Does not matter what happen between DO and whitehats. If an OS command injection is discovered, even if DO has a history of not responding to security issues, the moment the vulnerability is discovered, a whitehat should alert DO privately first. If they ignore it again, then of course you can let the public know and let your zero-day exploit begin. Regarding this, public disclosure before private disclosure is unethical.
I guess you consider Bruce Schneier a peddler of unethical behavior, then? He maintains the threat (and execution) of full disclosure is vital to maintaining security.
Full disclosure does this. Before full disclosure was the norm, researchers would discover vulnerabilities in software and send details to the software companies -- who would ignore them, trusting in the security of secrecy. Some would go so far as to threaten the researchers with legal action if they disclosed the vulnerabilities.
If the code is public, just fixing the code without CVE or similar is considered bad because diffing the code will yield the vulnerability.
You don't go around and tell people you found a vulnerability until it is fixed (in the case of vendor ignoring alert it is ethical to tell the public).
This sort of terrible behavior was by design and known. They got written about and claimed to have fixed it, but didn't.
There's no point in private disclosure for something that the company themselves documents.
Of course, he also whines about responsible disclosure. The mutual exclusivity of these two things does not seem to have occurred to him....
If I delete a file on my computer without doing a secure delete, I know that the data is still on the disk and can still be recovered. However, I also know that in normal operation of the computer, that data will never show up again. There are no circumstances where I can create a new file and have it get filled out with the contents of the deleted file. There are certainly no circumstances where another user on my computer can do that and get my data.
I would have every expectation that this scrub option works the same way. That it defends against specialized recovery efforts, not random people making new VMs. DO's documentation says nothing to indicate otherwise.
I spun up a vm and ran "strings" on the blockdev and got this:
Some poor iPhone users in Portugal have no idea that the app they're using is backed by a webservice on a VM that gives its block storage contents to anyone who gives Digital Ocean a $5 PayPal payment.
If that isn't a data leak, I don't know what is.
But the dd thing is really embarrassing here, I mean I'd expect some data on shared hardware being recoverable using hardcore forensics, but there are enough levels between hardware and dd that using at least one of them to make old data inaccessible should be both possible and pretty cheap.
"scrub_data Optional, Boolean, this will strictly write 0s to your prior partition to ensure that all data is completely erased."
If I didn't already know about this issue, I would never Have thought that leaving this option out would leak all of my data. My reading of the above option would be that, with it off, they would leave your data on the drive until it was reused, leaving open the possibility that e.g. the FBI could seize the equipment in the meantime and access it.
The opposite of "write zeroes to your partition" is not "give all of your data to the next customer".
The feature now works if you use it.

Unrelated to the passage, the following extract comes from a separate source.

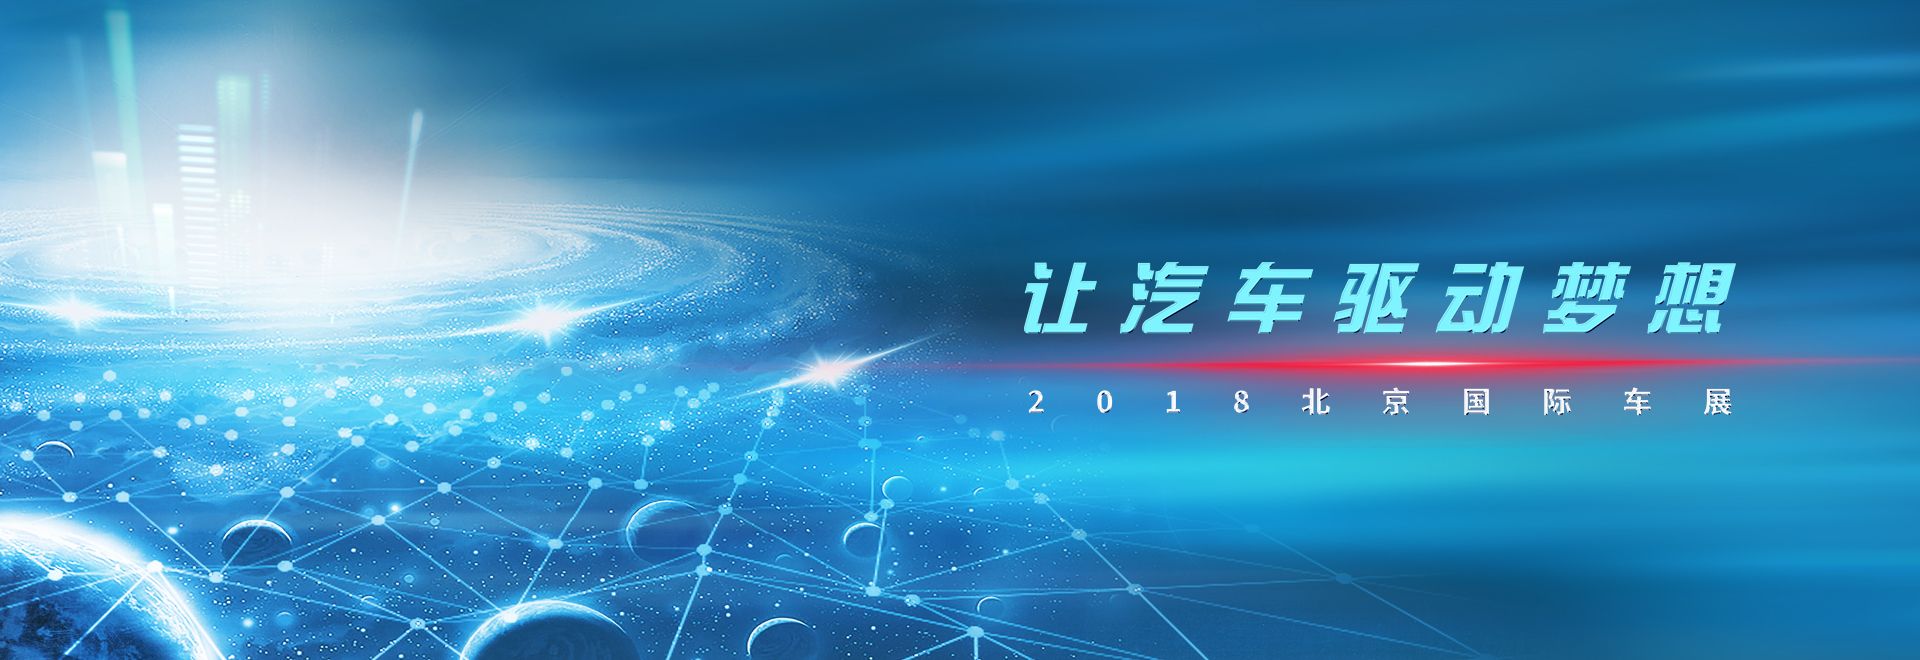 2018北京國際車展

By design if you don't use it you don't wipe the disk (saving you money).
It's pretty easy nowadays to scrub a drive. Writing zeroes would suffice.
Personally, I'd worry more about what data is being leaked when your VM is paged to disk on your provider's servers. Parts of each of your VMs will probably reside in the pagefile at some point, so therefore writing zeroes won't save you if the provider has bad disposal practices (like not scrubbing before disposal). So it seems impossible not to have to trust a cloud computing provider whatsoever; some basic trust seems to be a requirement.
But that minimum level of trust should be the extent to which you trust them. Not scrubbing your drive before handing it over is placing faith where faith doesn't belong.